Tiba-tiba Eli mewek. Tak sampai hati dengar ucapan Eli. "Terima kasih banyak. Kamu dan Mom menyokong kakak sampai sekarang. Kakak harap kamu punya nasib baik, Dik."
"Tentu Kak."
"Oh ya, kamu sudah jadian dengan Demian?"
Raras buang wajah, di muka muncul sedikit rona. Raras akui ia malu. "Belum. Hubungan kami bisa disebut teman tapi mesra. Meski gak ada unsur mesra berlebih." Ara garuk kepala yang tidak gatal. Senyum memaksakan muncul.
"Kapan kalian mau official?"
"Tidak dalam waktu dekat ini," pungkas Raras.
"Terus, kak Demian gimana?"
"Maksud Kakak?"
Eli sedikit gusar. Gemas, tangan Eli sudah terangkat untuk becek-becek wajah Ara. Gemas tersebut tak mampu dicegah. Pipi Ara jadi sasaran empuk cubitan Eli.
"Aw, Kak. Sakit."
"Kak Demian, Raras. Tuh orang masih dekat kamu. Pernikahan Regas dan Talie lanjut, kau masih dekat Demian?"

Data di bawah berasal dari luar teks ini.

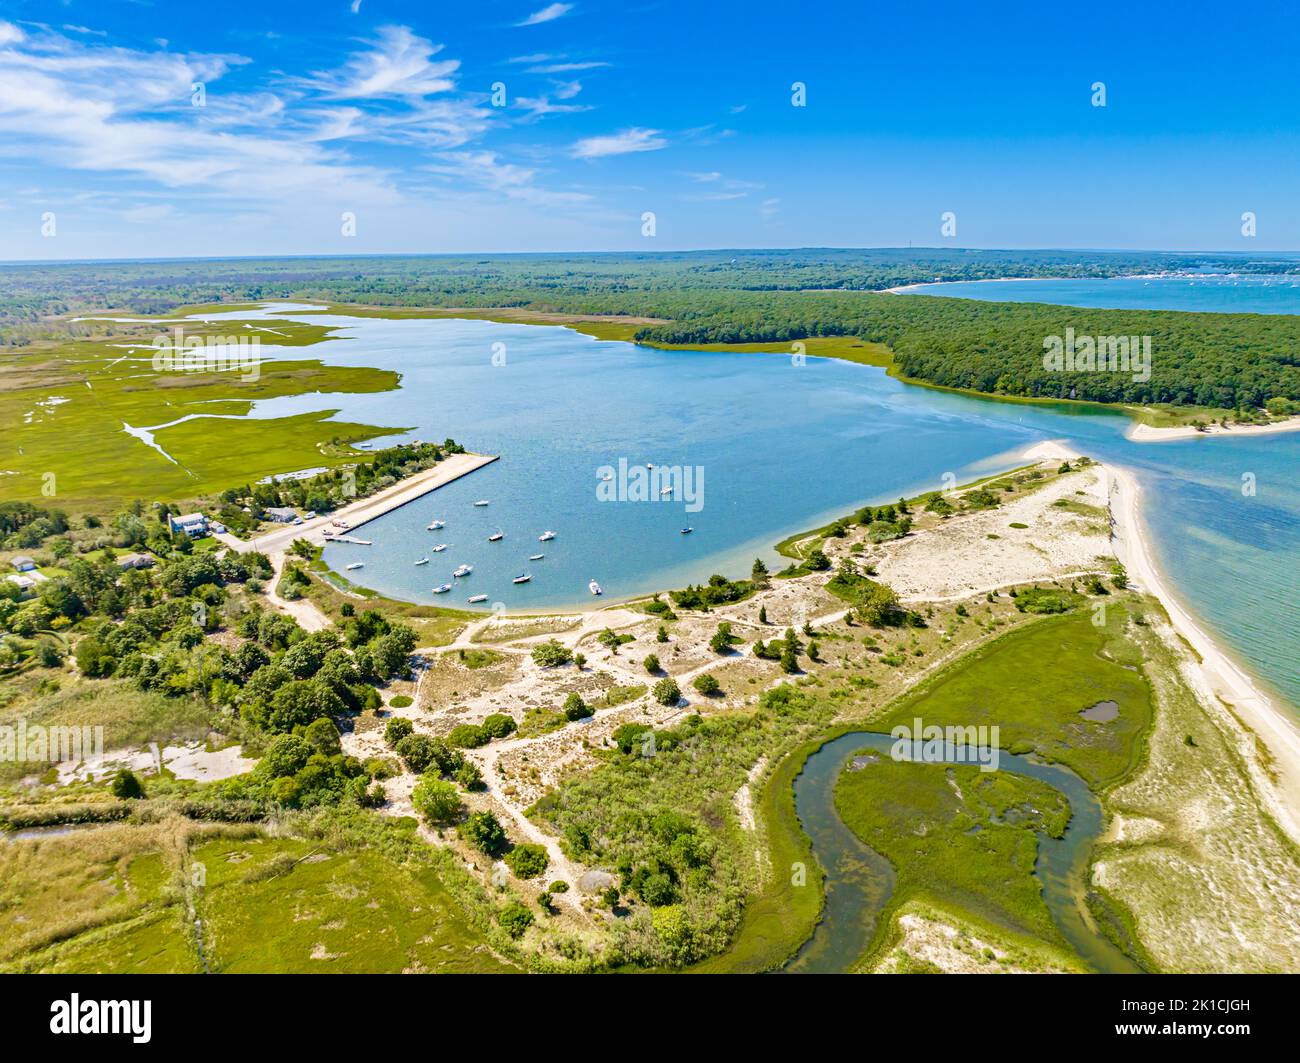 Aerial images of Northwest harbor county park Stock Photo

"Gak juga sih," ucap Ara. "Aku sama kak Demian cuma sedikit dekat. Gak dekat-delat banget. Kami menjalin hubungan formal."
"Aku pikir kak Demian tertarik ke kamu."
Raras kaget, tak menduga kalau Eli berpikir begitu. Terlalu jauh, Eli tidak begitu. Terlintas di otak Raras pun gak pernah. So, wajar Raras kaget bukan main.
"Oh ya, aku malah mikir kak Demian tertarik ke Kakak."
"Gak bakal Ar."
"Hem." Raras mengangguk. Setelahnya Raras menguap. "Aku ngantuk, tidur yuk. Besok Kakak menikah, aku turut bahagia."
"Semoga keputusan aku tepat, Ar."
"Aku harap begitu, Kak."
***
Regas pakai jas rapi. Eli hanya pakai kebaya sederhana. Pernikahan digelar tertutup. Di situ ada Nataile. Sedari tadi wajah perempuan itu datar. Orangtua Nataile tidak datang. Jelas tidak datang, pihak keluarga mengamuk kalau tahu Regas menikah lagi.
Jikalau orangtua keras kepala paksa menikah, Regas dan Talie tak kalah licik susun strategi menghindar. Regas dan Eli tidak sangat bodoh. Perjuangan cinta tidak sembarang.